Confirmed Speakers and Panelists

Hemant
Purohit

George Mason University

Jiaxuan
You

Kumo.ai and Stanford

Bogdan
Arsintescu

LinkedIn

Achim Rettinger

Trier University

Deborah
McGuinness

Rensselaer Polytechnic Institute

Lara Campbell

National Science Foundation (NSF)

Chaitan
Baru

University of California San Diego

Balaraman
Ravindran

IIT Madras

Sharat Israni

UCSF Institute for Computational Health Sciences

Lilit Yeghiazarian

University of Cincinnati

Ellie
Young

Common Action

Emanuel Sallinger

University of Oxford

Samantha
Piekos

Institute for Systems Biology (ISB)

Xinyu
Hu

Uber

Ryan McGranaghan

Orion Space Solutions, Colorado

Cogan
Shimizu

Kansas State University

Samuel Klein

Harvard University

sklein@cyber.harvard.edu

Knowledge Graphs & Open Knowledge Network

Knowledge Graphs (KGs) have emerged as a compelling abstraction for organizing and interconnecting the world’s structured knowledge in order to integrate information extracted from multiple data sources. Such knowledge graphs, and knowledge networks, are beginning to play a central role in representing information extracted by AI systems and improving the predictions of AI systems by providing knowledge expressed in KGs as inputs. The interconnectedness among data elements that is represented by these graphs/networks is essential to the future of AI, particularly machine learning, as we move towards developing more sophisticated algorithms to solve more complex problems, and to solve problems more comprehensively.
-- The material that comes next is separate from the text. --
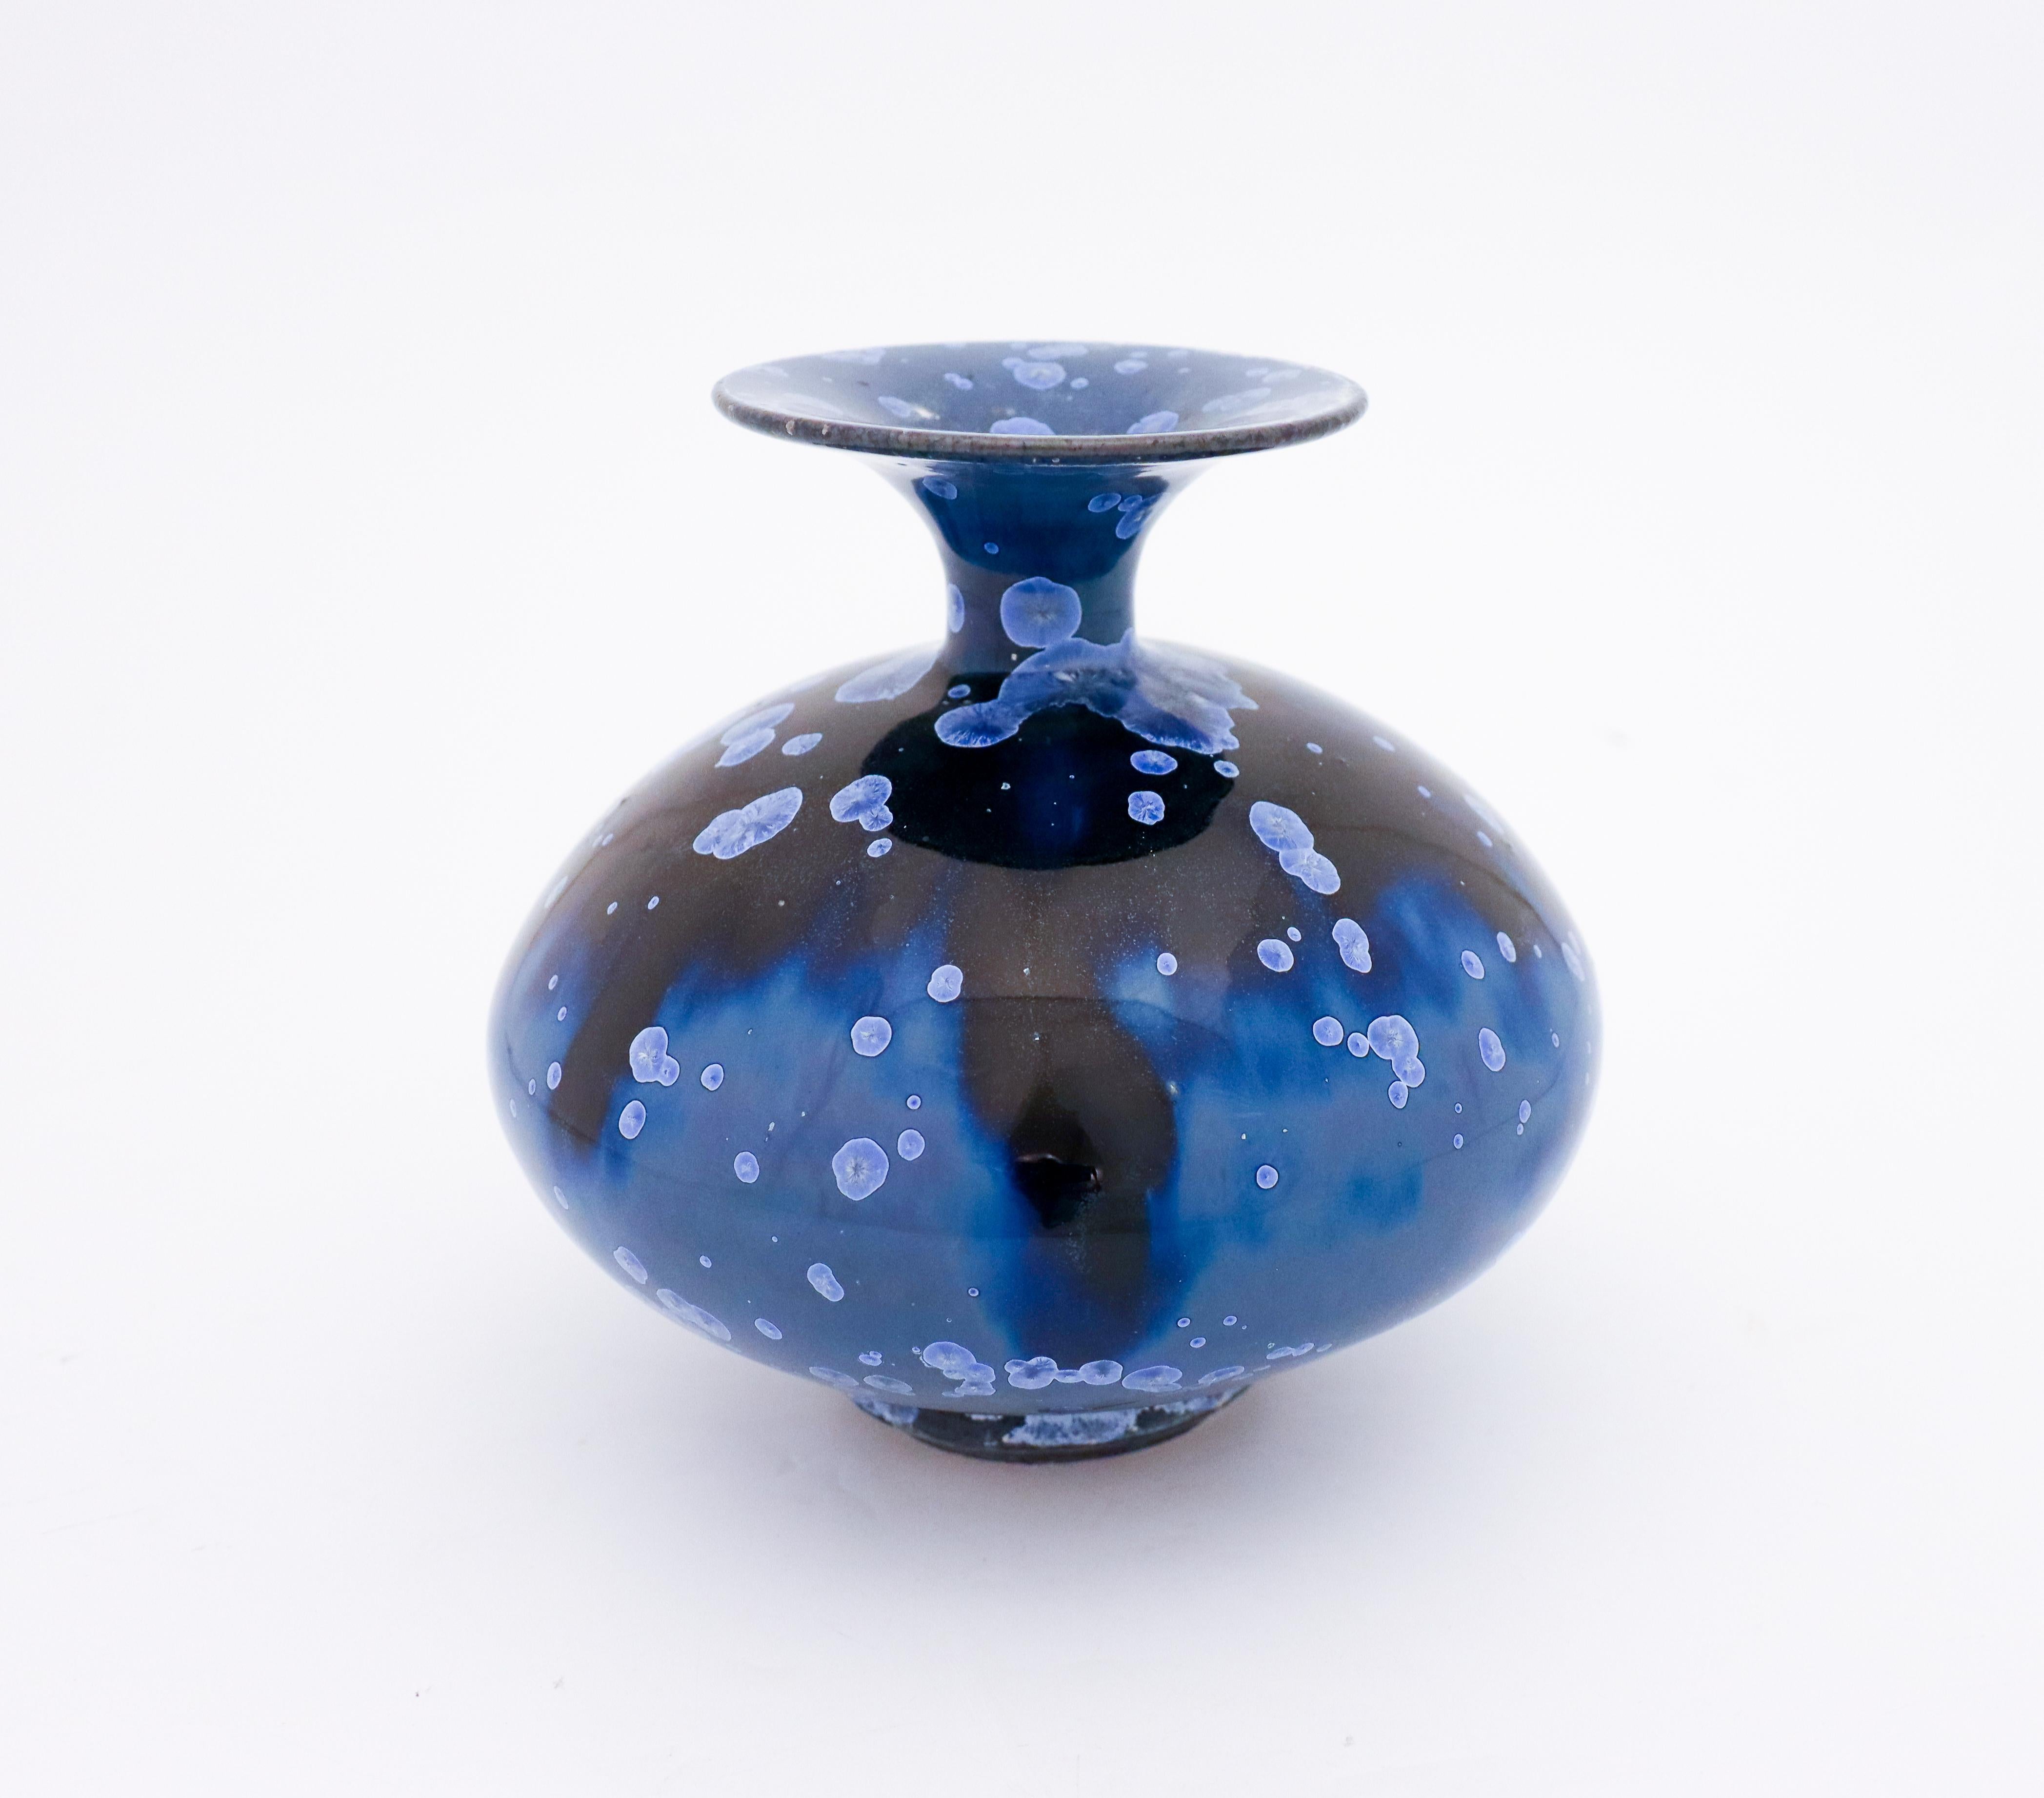 A unique vase in a black & blue crystalline glaze designed by the contemporary Swedish artist Isak Isaksson in his own studio. The vase is 17.5 cm (7

Big data and AI have already provided powerful solution across a very broad range of domains, e.g., medicine, healthcare, clean energy, climate change, and social issues. Knowledge graphs (i.e., connected data with semantically enriched context) have become essential technology to the extent that Gartner has predicted that knowledge graph (i.e., connected data with semantically enriched context) applications and graph mining will grow 100% annually through 2022 to enable more complex and adaptive data science. The US National Science Foundation’s Harnessing the Data Revolution (HDR) Big Idea identified an “Open Knowledge Network” as a core element of a data science environment.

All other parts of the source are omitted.